Money is a serious trigger for me. I spent years counting pennies, not knowing where the next bill payment was coming from, asking family for help, praying some government agency or church would come through with a few dollars towards the cut off notice or already turned off utility, moving every 6-9 months to avoid the eviction notice that would eventually come because we couldn’t stay caught up on rent.
This often meant trips to the grocery store started with me trying to add up everything in my head while I was shopping. When I put things on the belt they were separated into need and want. And when it was time to pay there were times where a card was declined and I had to play the “what can we go without” game until the card finally went through. This happened while the people in line behind me got increasingly pissed off, and I got increasingly more embarrassed and worried about how we were going to make it through the week or the month on what was left. In some of the worst cases where I really miscalculated, the account was overdrawn and I left with nothing. Some bill cleared that I wasn’t expecting, leaving me in the negative (and paying the compounding fees that go along with that).

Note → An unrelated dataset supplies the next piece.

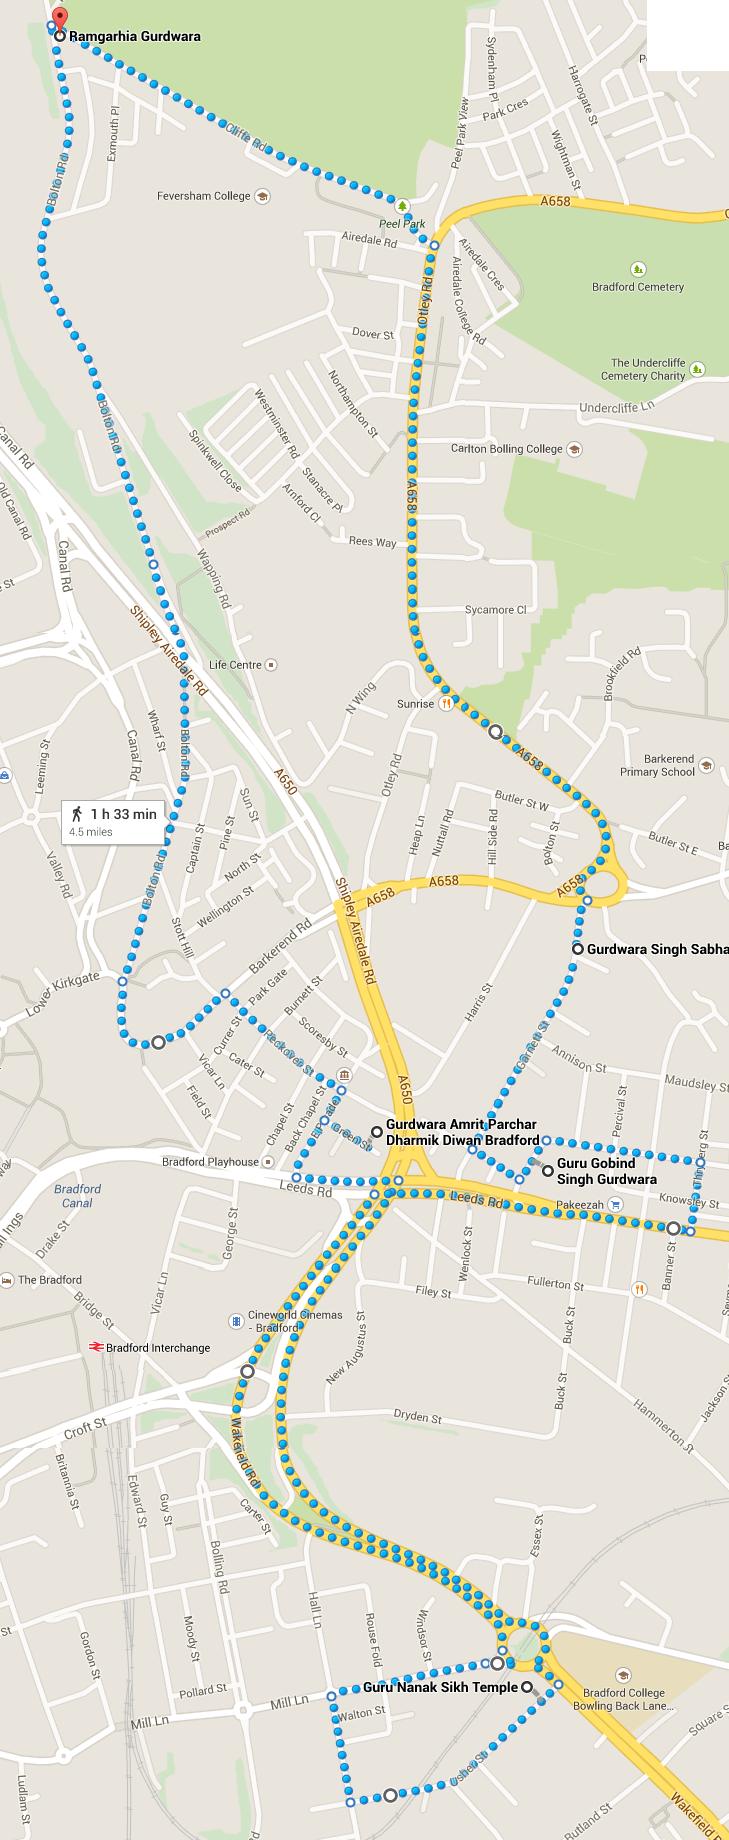 The Vaisakhi 2015 Nagar Kirtan route
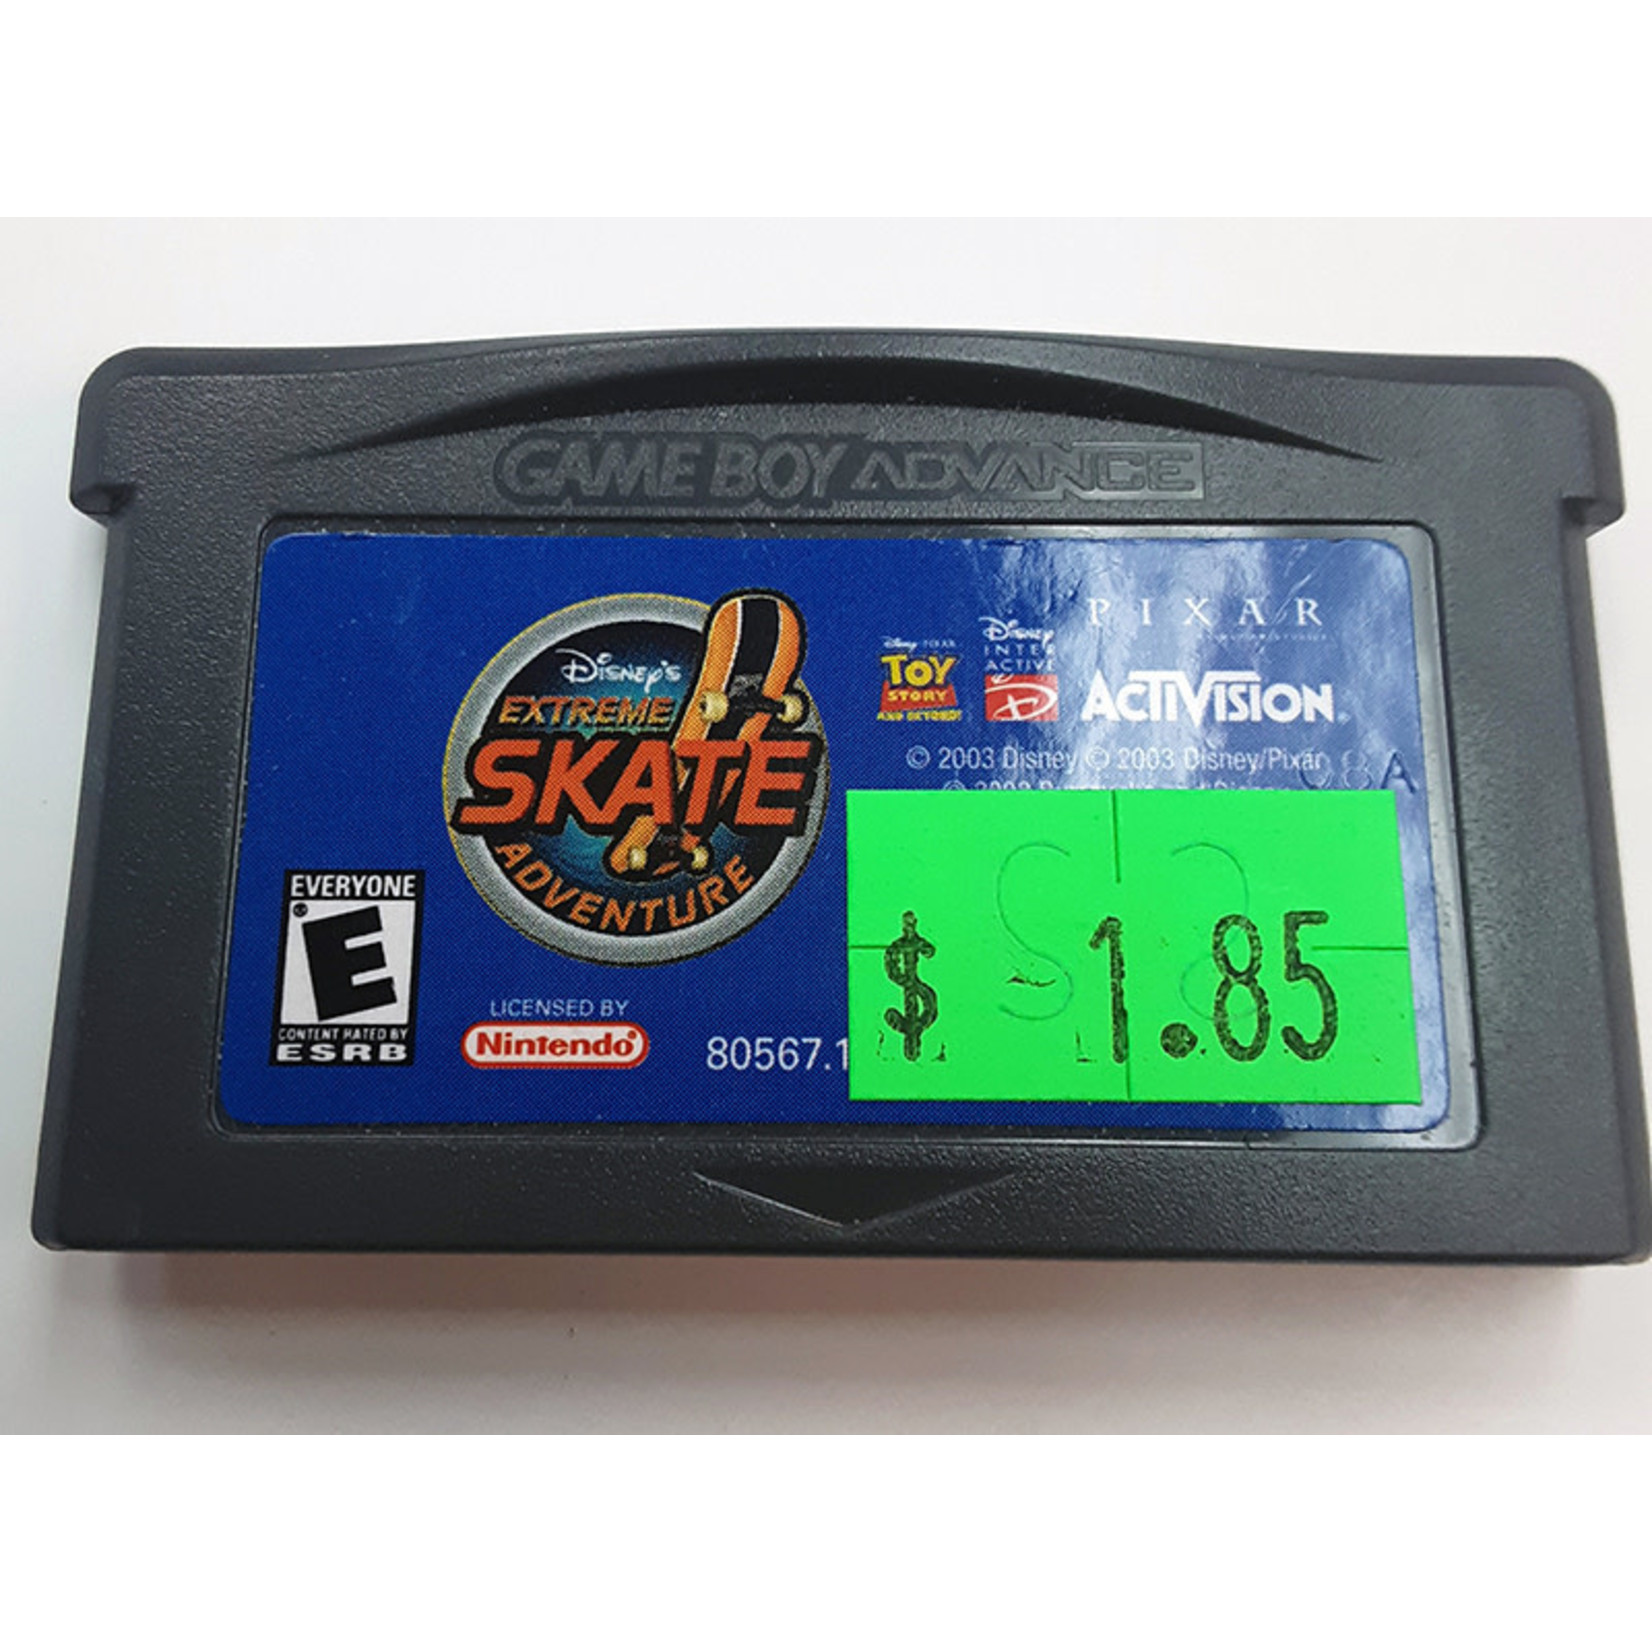 GBAu-Extreme Skate Adventure (cartridge)

I’ve left stores without diapers when Draven was an infant, left without much needed tampons, left without milk or meat, and all of those are things that you don’t find very often at food pantries.
Even worse is having a card declined when someone you know is with you. It’s one thing to play that game when there are strangers behind you in line, it’s another thing when you’re standing beside someone you know.
I’m thankful that for many reasons I haven’t had that problem in awhile now. I’m slowly getting better with money, I’m getting better with budgeting and I have more help to make ends meet. I’m not in danger of being evicted, having the lights shut off or running out of food. I can buy what I need and if I get into trouble I know I have places I can go for help. I really am okay now.
Unfortunately, the fear is still ingrained deep inside me and today it was reactivated with a simple message on the credit card machine when we were checking out.
“There is a problem with the card.”
I knew there was money in the account, or at least I thought I knew, I started wondering, where did I miscalculate, my thoughts started racing as I ran the card again.
The card went through that time, it was only a problem with the machine and not my card, but it was too late, I was already panicking and spiraling and having an anxiety attack.
I realized that every time I swipe my card somewhere I hold my breath waiting to see if it goes through. Even if I know there is money. Even knowing that I have emergency savings and places I can turn and that I’m not where I was, I still hold my breath every single time I go to pay for something. The amount of anxiety that goes into shopping, it’s like the reverse of playing the slots, instead of hoping for a win, I’m praying the card doesn’t get declined. Except it’s just bullshit anxiety that has no basis in reality any longer.
When money comes in, I feel like I have to pay for everything that needs to be paid, I have to buy everything I need, and sometimes even everything I want, because eventually, that card will start getting declined, the account will be overdrawn. That isn’t true anymore, but I have to resist the urge every single time I get paid. I have to fight not to spend every single cent before it’s gone.
Until you’ve been there for years and years and years, it probably won’t make any sense, how can money be gone without spending it, and if I’d just stop spending it, it wouldn’t be gone so quickly . . . but when there are more bills than there is money every single month, you sometimes learn to spend it all as quick as possible or it’s gone before anything gets done.
Unfortunately, then I end up making really shitty decisions which just restarts the cycle.
And today, I was afraid I had done it again, even though I’ve been so careful and tried so so hard to unlearn old habits. I was afraid that Wonder Woman would be the one standing there while a card was denied. I remembered all of the times that I was left making decisions about what I had to have in order to get that card to go through.
But I’m not back there, and it’s all still okay, and I’m not broke or broken. And today I was reminded, yet again, that I’m not alone while I heal from all of this.